Major averages reversed yesterday's sizeable gains though on lower but above average volume. Germany's exports fell 5.8% in August, the biggest drop since January 2009, intensifying worries that Europe could be on the verge of another recession. Indeed, European markets have been lagging US markets since June as noted by the ETF IEV which tracks a basket of European bourses. IEV is off 15% while the S&P 500 and NASDAQ Composite are off 4-5%.
Each time the market has looked this ugly it has managed to bounce, but we must also understand that each time the Fed has come to the end of its successive QE(n) programs the market has corrected sharply. For this reason the Market Direction Model is shifting to a safer cash signal given the level of uncertainty.
With amplified volatility, it is key to keep position sizes in context with the markets and your personal risk tolerance levels.

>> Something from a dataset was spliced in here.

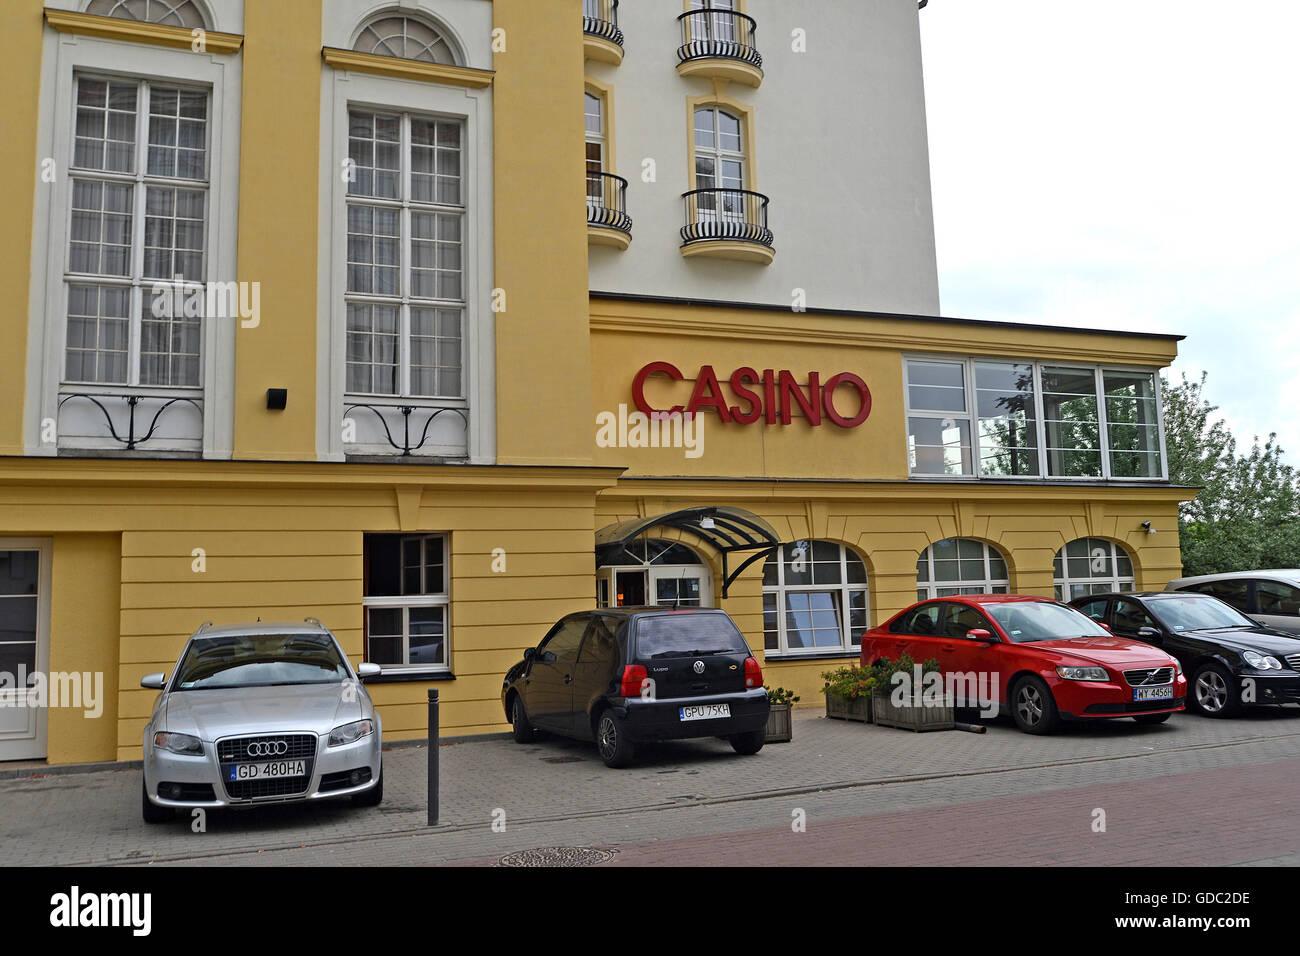 Cafe casino sister casinos
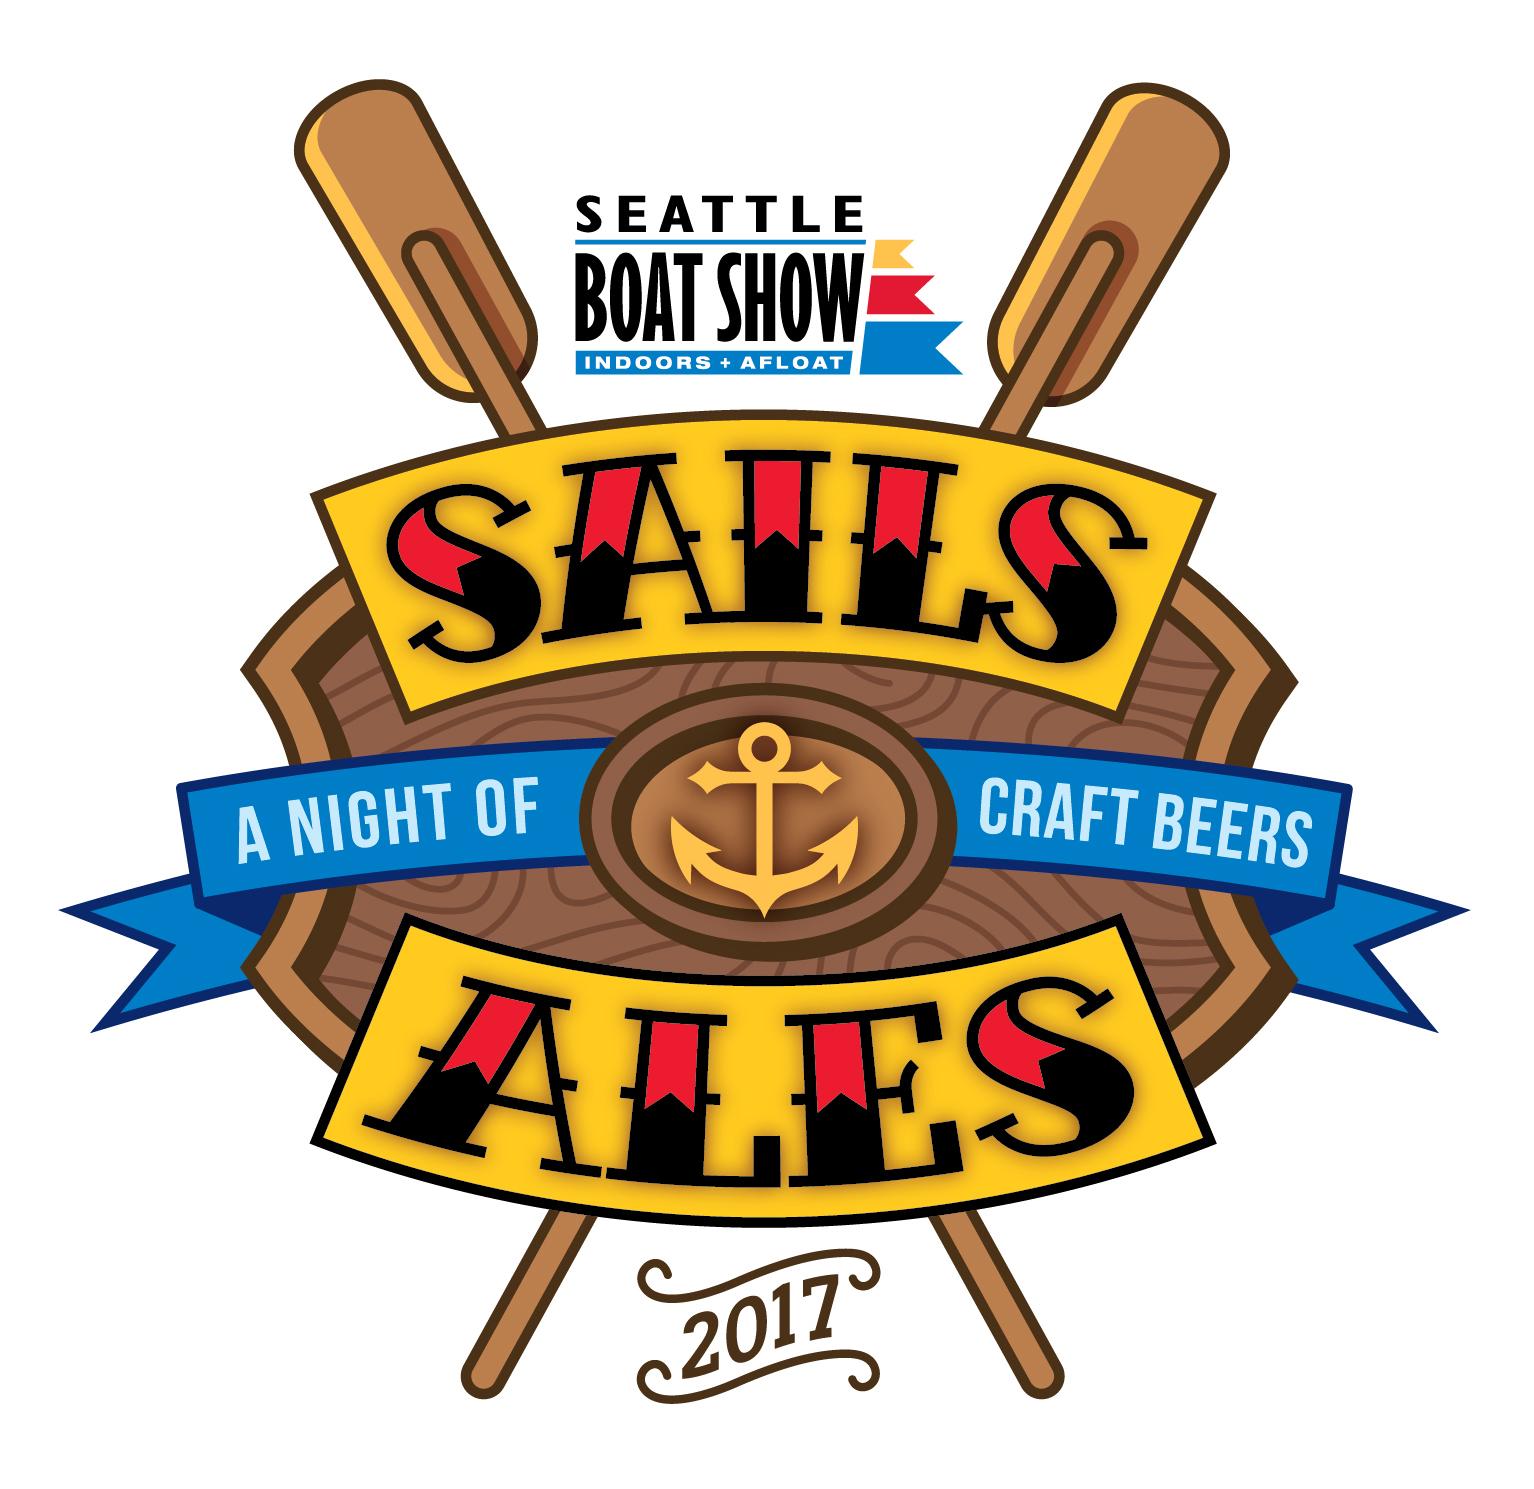 SeattleBoatShow.com.

Short-sale target TSLA failed yesterday at its 50-day moving average, and today is gapping down after failing to impress investors with its wildly over-hyped "D" presentation last night. Once a high for the day can be established, this is likely a shortable gap-down move using the HOD as a guide for an upside stop.
NFLX is dropping back below its 50-day moving average which puts this on our radar as a potential POD short-sale target, using the 50-day line at 458-459 as a quick upside stop.
As the market gets oversold, short-sellers should seek entry points that allow for tight upside reference points for stops in the event we see another violent upside reaction rally like we saw on Wednesday. The QE market retains a certain random factor to it, and this must be accounted for in terms of risk-management, particularly on the short side.